Your assignment: For this task, output exactly the lines of the material below starting at the line with "Ariana Grande (YouTube)" and ending at the line with "PVC Hot Air"; pictures are to be excluded.

Data records:

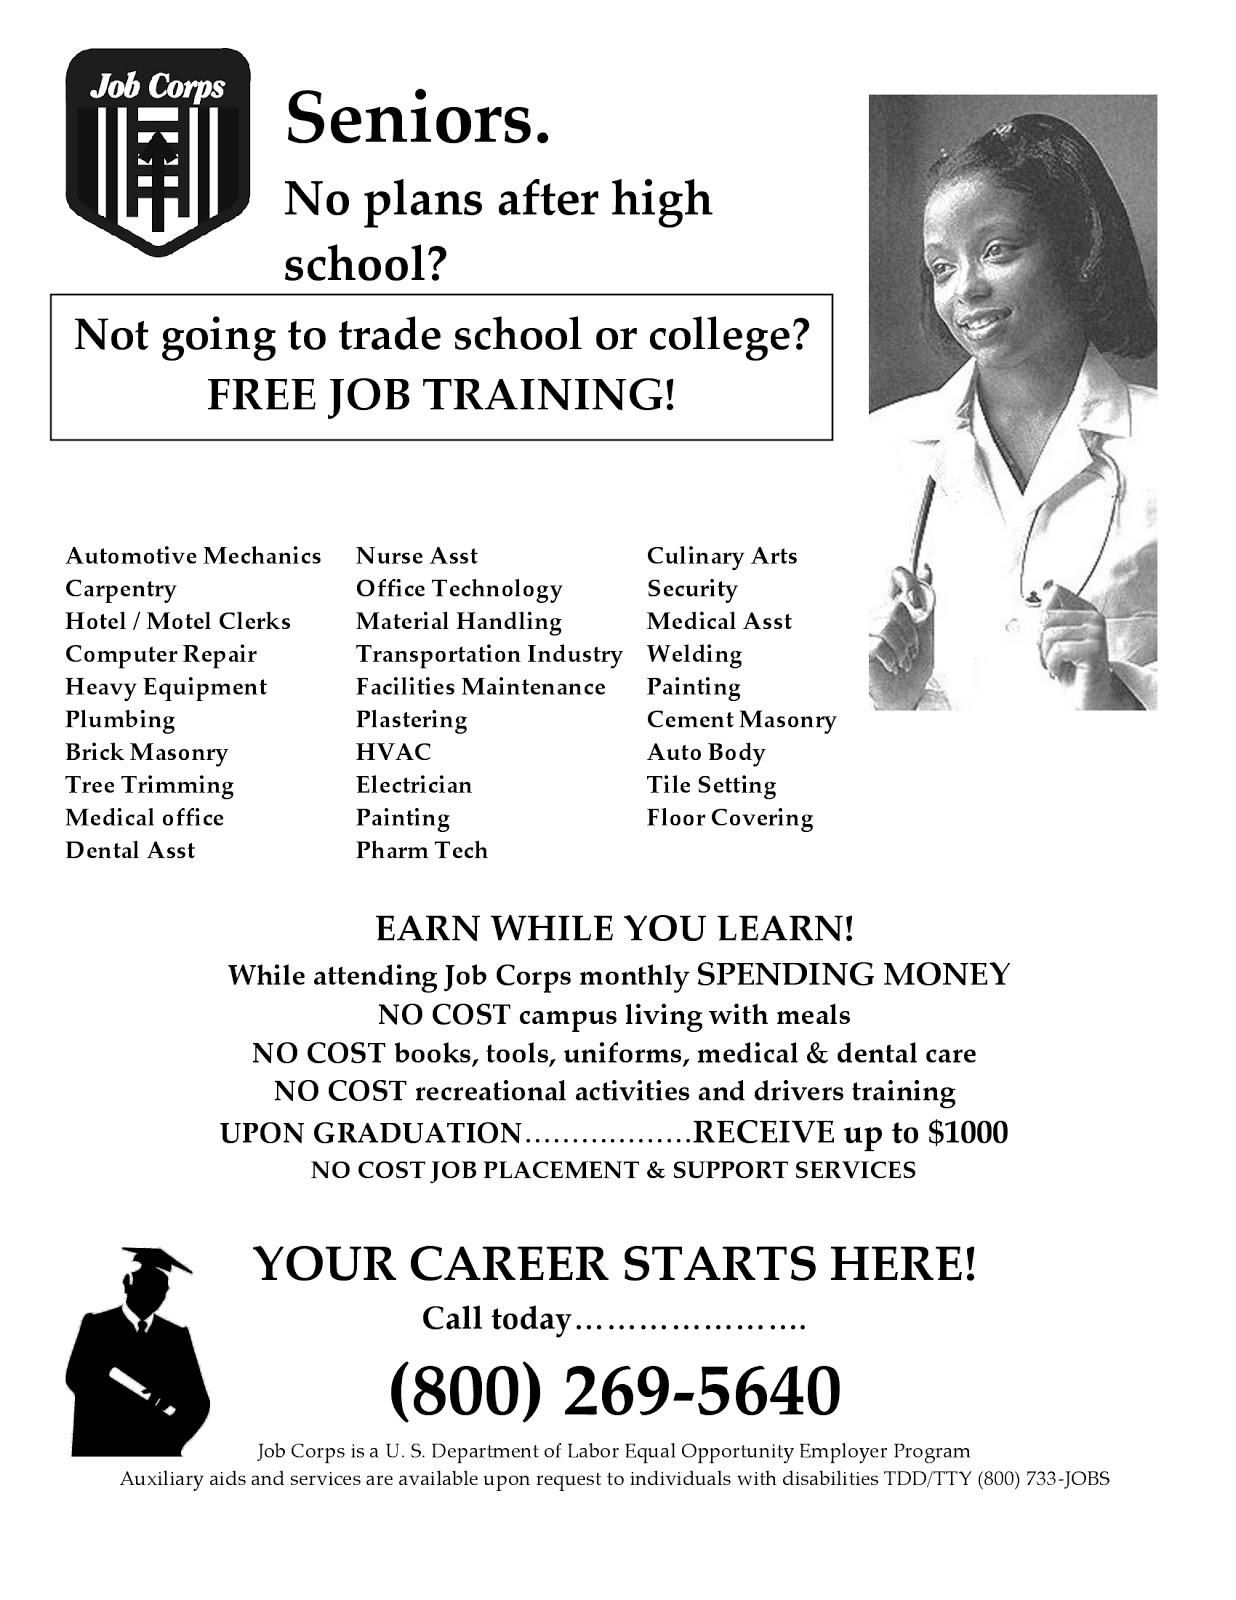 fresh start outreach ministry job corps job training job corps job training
...
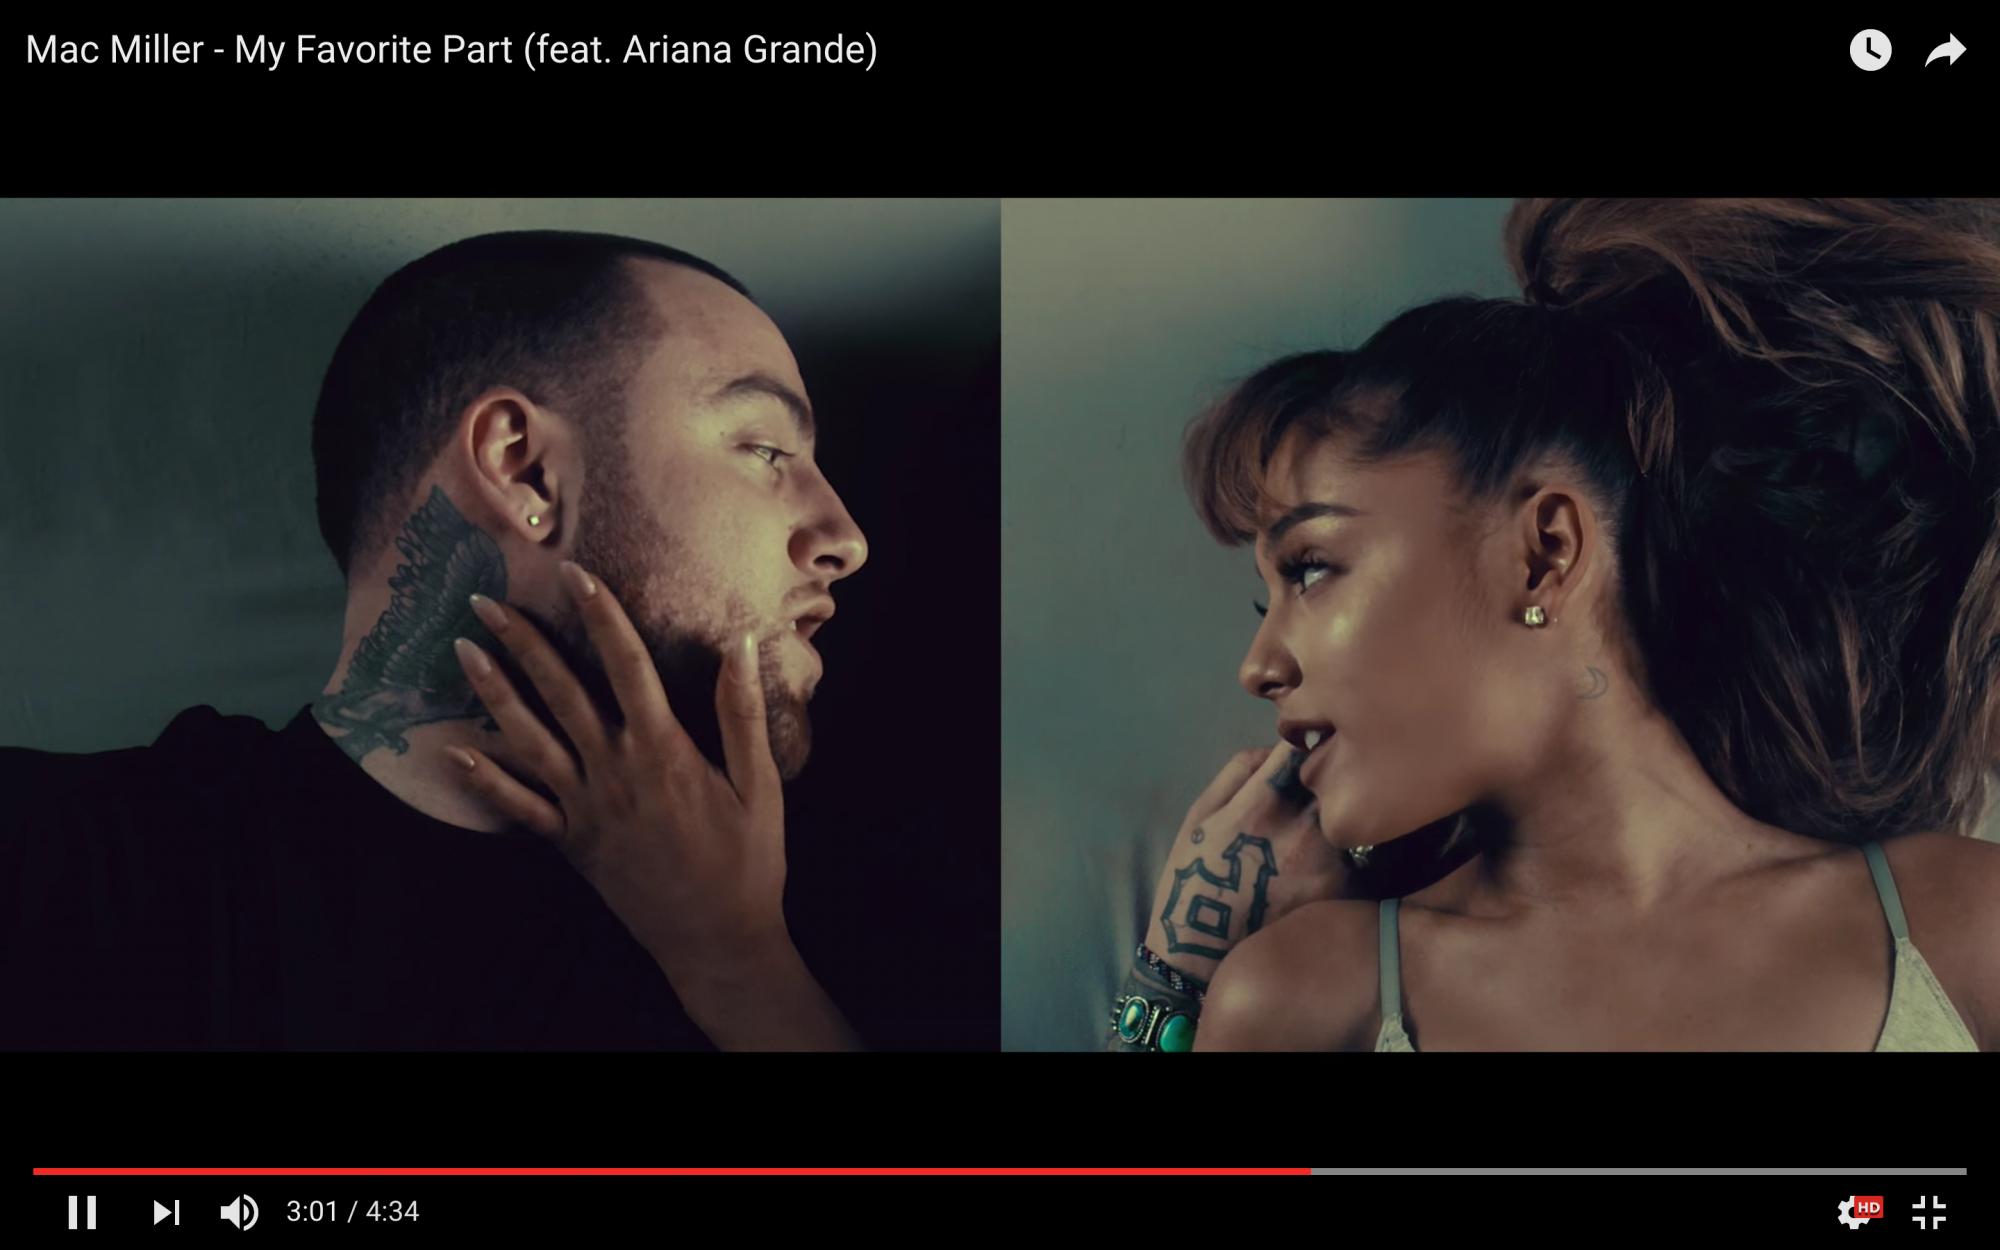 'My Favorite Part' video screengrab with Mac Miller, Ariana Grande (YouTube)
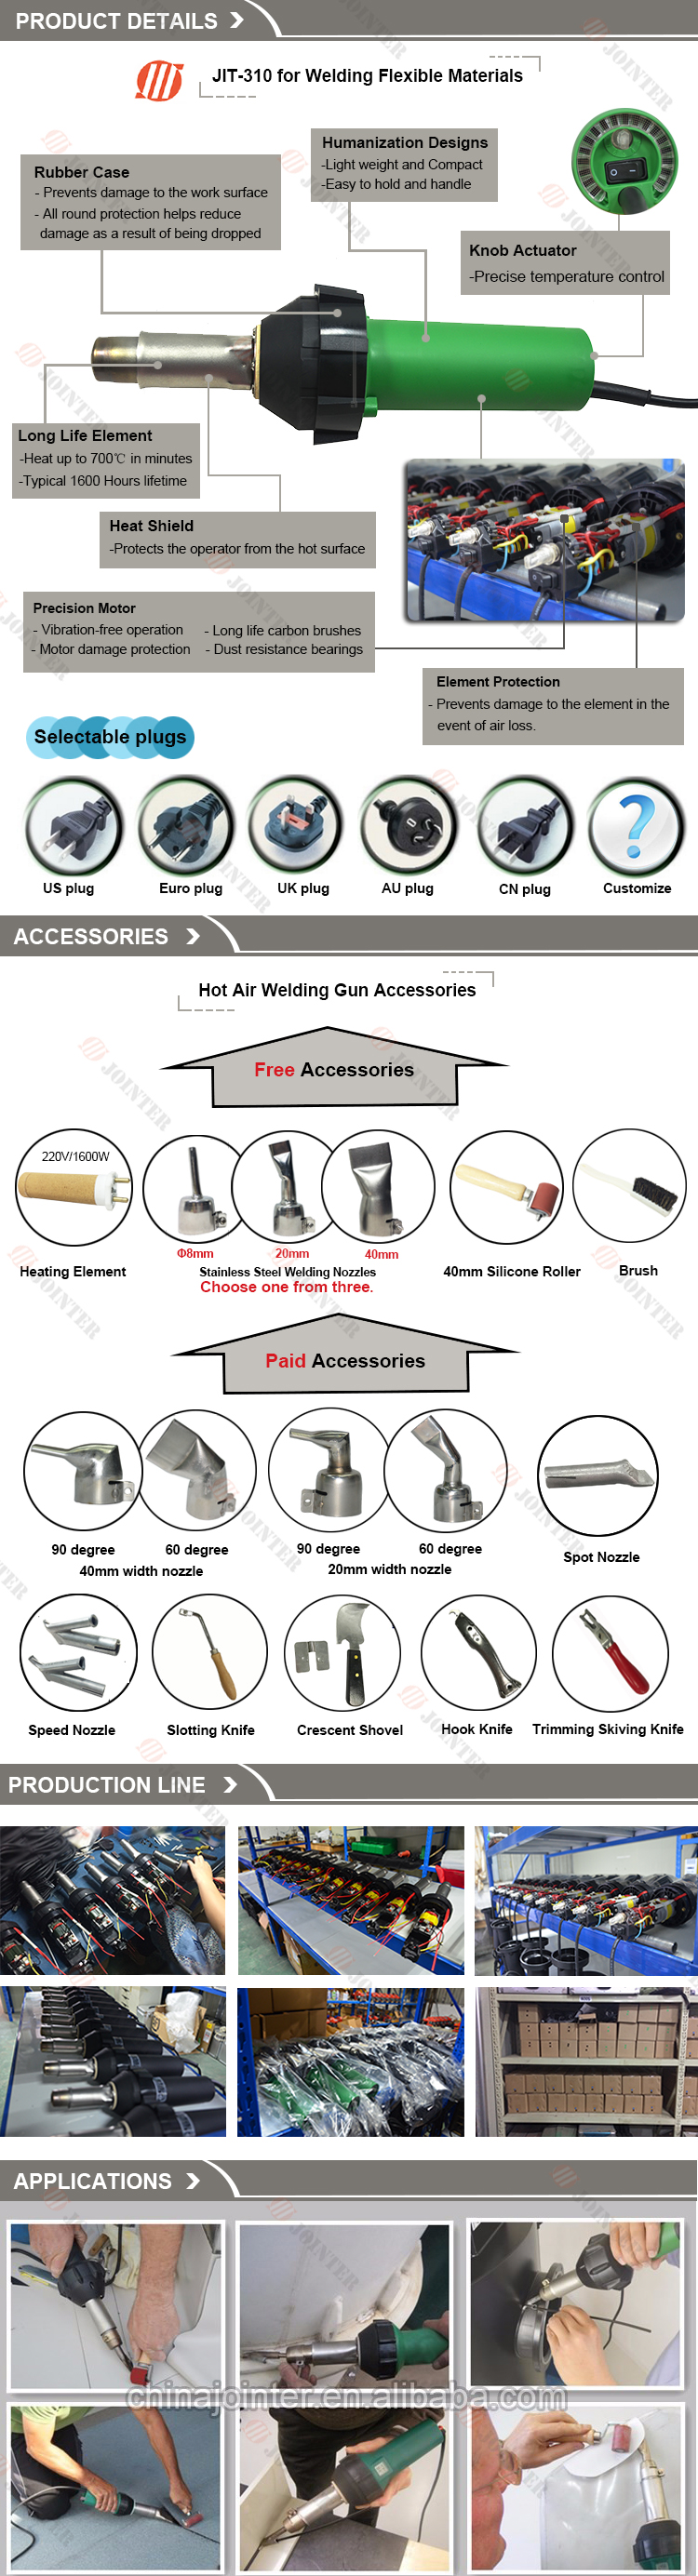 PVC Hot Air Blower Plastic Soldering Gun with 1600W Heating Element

Result below:
 'My Favorite Part' video screengrab with Mac Miller, Ariana Grande (YouTube)
 PVC Hot Air Blower Plastic Soldering Gun with 1600W Heating Element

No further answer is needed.